A virtual reality by combining data from the MR scan and live video of the patient.
The potential, says Playter, is to integrate this simulator into surgical curricula, providing not only the means to practice surgical technique but also to evaluate those efforts quantitatively. "We can measure how accurately you can place a needle; when you puncture the tissue with the needle and the kind of forces applied; whether you follow the curve of the needle as you push it through the tissue; how long you take," says Playter.
Currently the surgical skills of students are graded subjectively. BDI's tangible reality device could change that. But before that can happen, the Boston engineers must identify the specific skills that expert surgeons possess, so the simulated evaluation might be focused on just those critical few points. "If you are good at virtual surgery, does that mean you have the skills to do real surgery?" Playter asks. "Answering that question is the direction in which we are headed now."

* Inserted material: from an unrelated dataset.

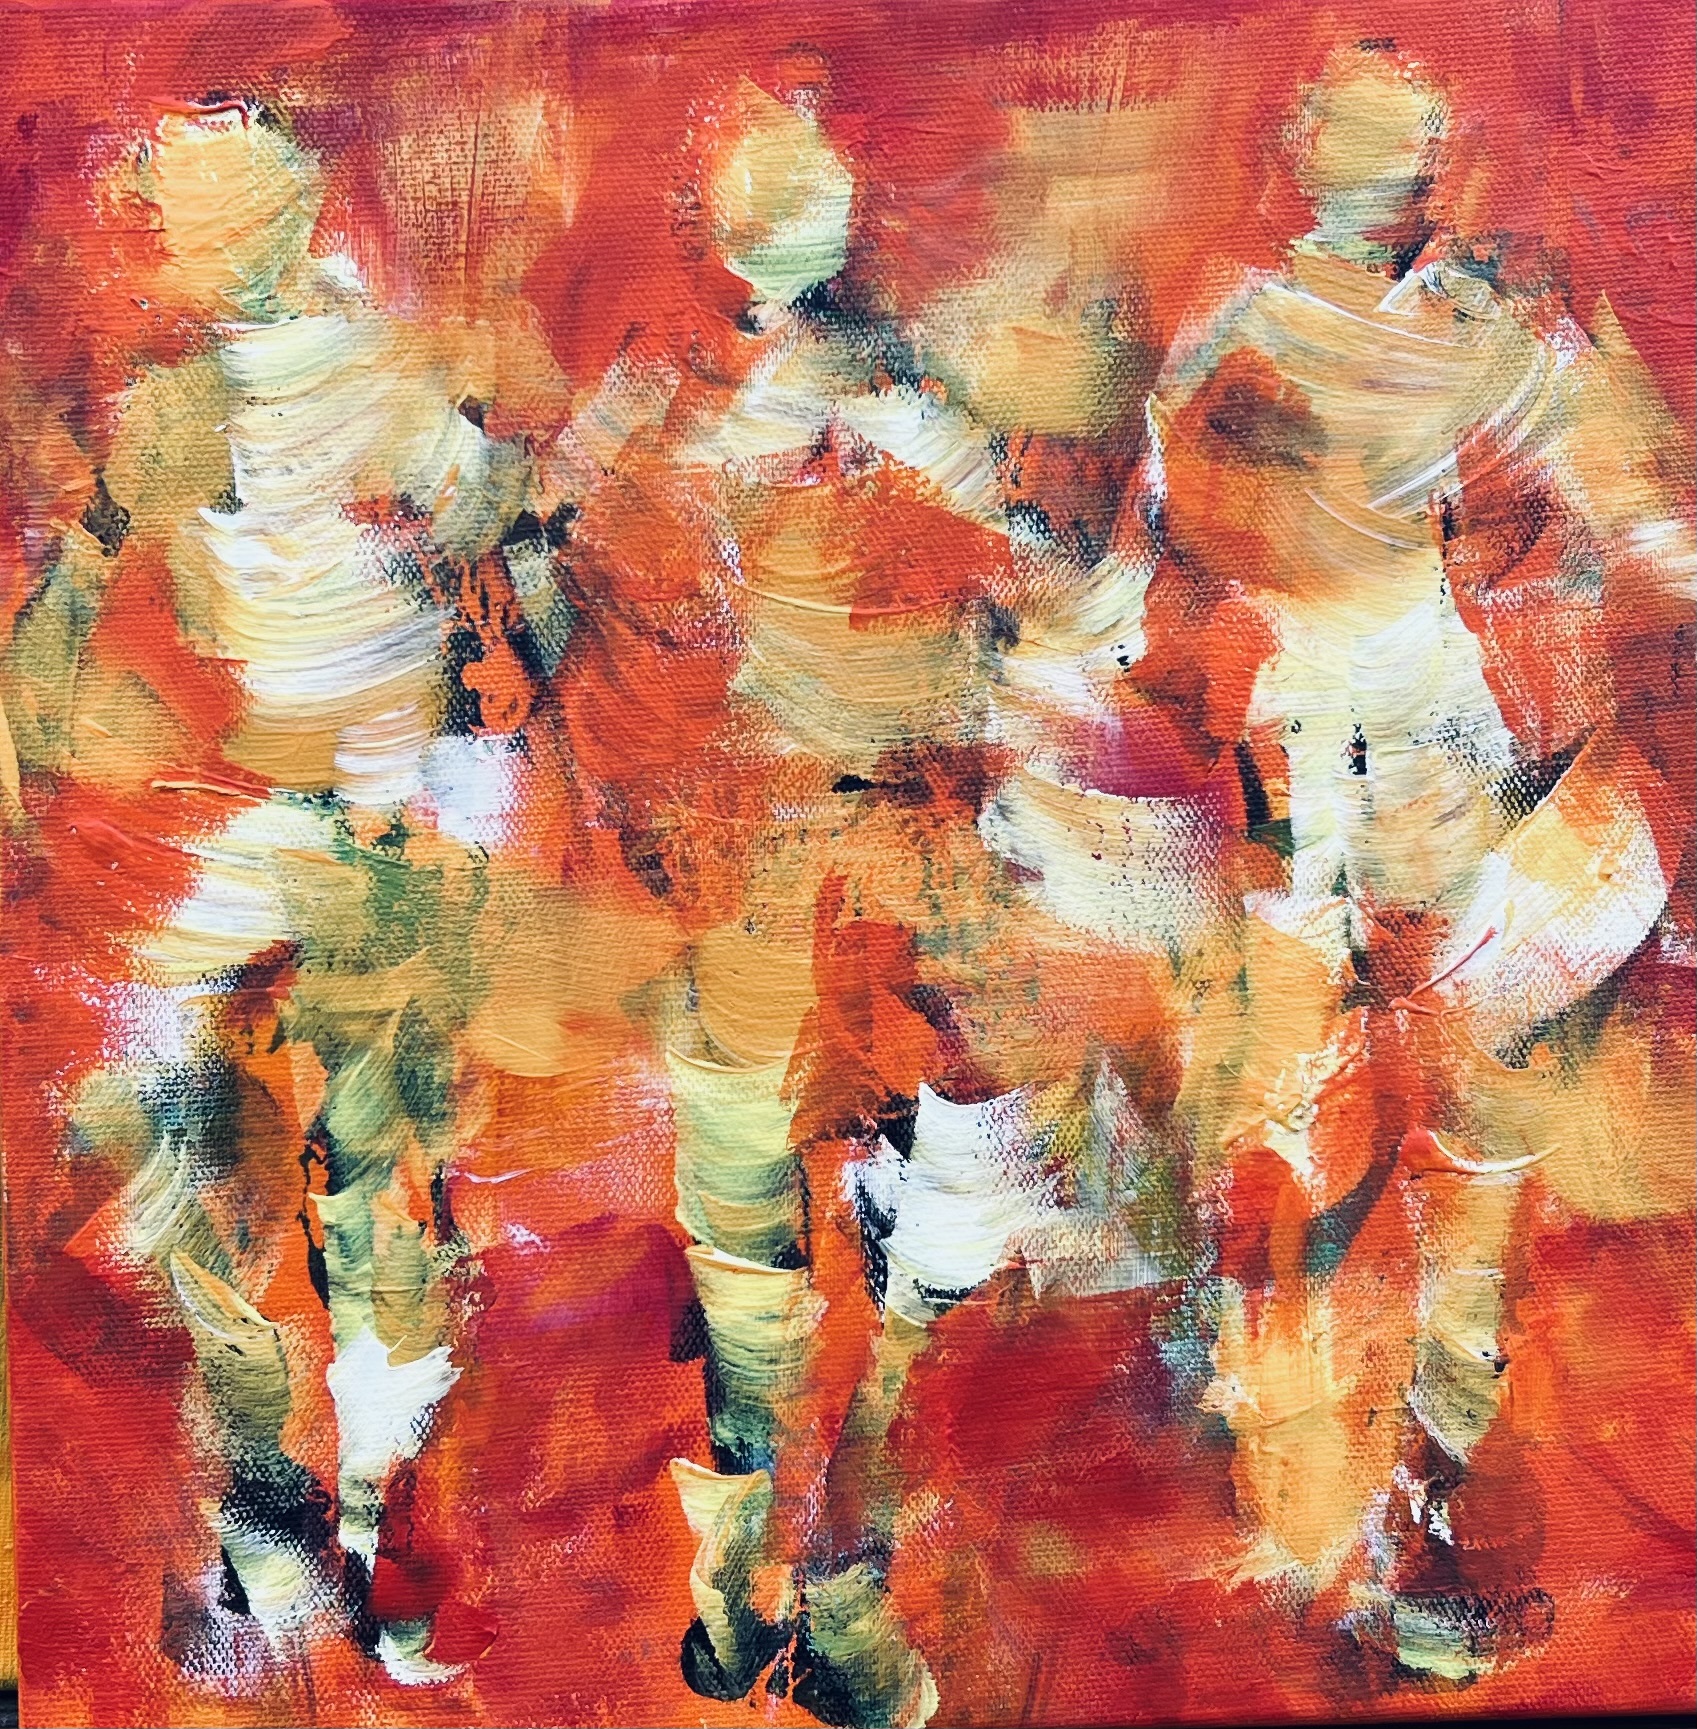 Lille abstrakt maleri af personer der løber. De spændende dynamiske strøg giver bevægelse og energi i maleri og et abstrakt udytryk.

The next step in VR is to enhance human skills using electromechanical interlopers that refine crude human strokes into microprecise actions. That is the goal of Zeus, a microsurgical aid developed by Computer Motion (Santa Barbara, CA) that allows surgeons to work on smaller and more delicate structures than would otherwise be possible. "We believe Zeus will do for surgeons' hands what the microscope did for their eyes," says Yulan Wang, chief technical officer, executive vice president, and cofounder of Computer Motion.
Zeus resembles a VR simulator, providing a control arm for each hand of the surgeon and using force feedback systems to communicate with the operator. But rather than indicating resistance from the tissue of a computer-generated patient, these mechanical arms relay sensations encountered during the actual procedure and then translate the actions of the operator to fit the microsurgical theater. Sweeping motions become submillimeter actions of the tiny effectors at the end of the control arms. Algorithms running tiny motors damp out the tremors that beset even the steadiest hand. "When working with extremely small blood vessels, every surgeon's hand shakes somewhat," says Michel Gagner, MD, a surgeon in the Minimally Invasive Surgery Center of the Cleveland Clinic, one of three sites in the United States where Zeus is now being clinically tested.
Ultimately, Zeus may improve dexterity so much that cardiac surgeons will be able to complete multiple-vessel coronary artery bypass grafting through an incision less than an inch long, potentially reducing morbidity and decreasing the patient recovery time while cutting the cost of medical care. "As we work with smaller incisions and smaller vessels, we test the limits of human physical capabilities and require the assistance of new technology," says Joseph F. Hahn, MD, chairman of the Cleveland Clinic Division of Surgery.
This symbiotic relationship between the real and virtual world is continuing to evolve as new turf is trod on. Technologies common to both rely on the same kinds of sensors, and the same kinds of software to sense and relay forces and commands. And, in a way, their parallel evolution may be both the greatest challenge and the most significant result of VR in surgery. The development of VR tools promises to help prepare the next generation of practitioners while simultaneously leading to a better understanding of surgical practice itself. In doing so, these tools will both reflect the nature and correct the foibles of their makers.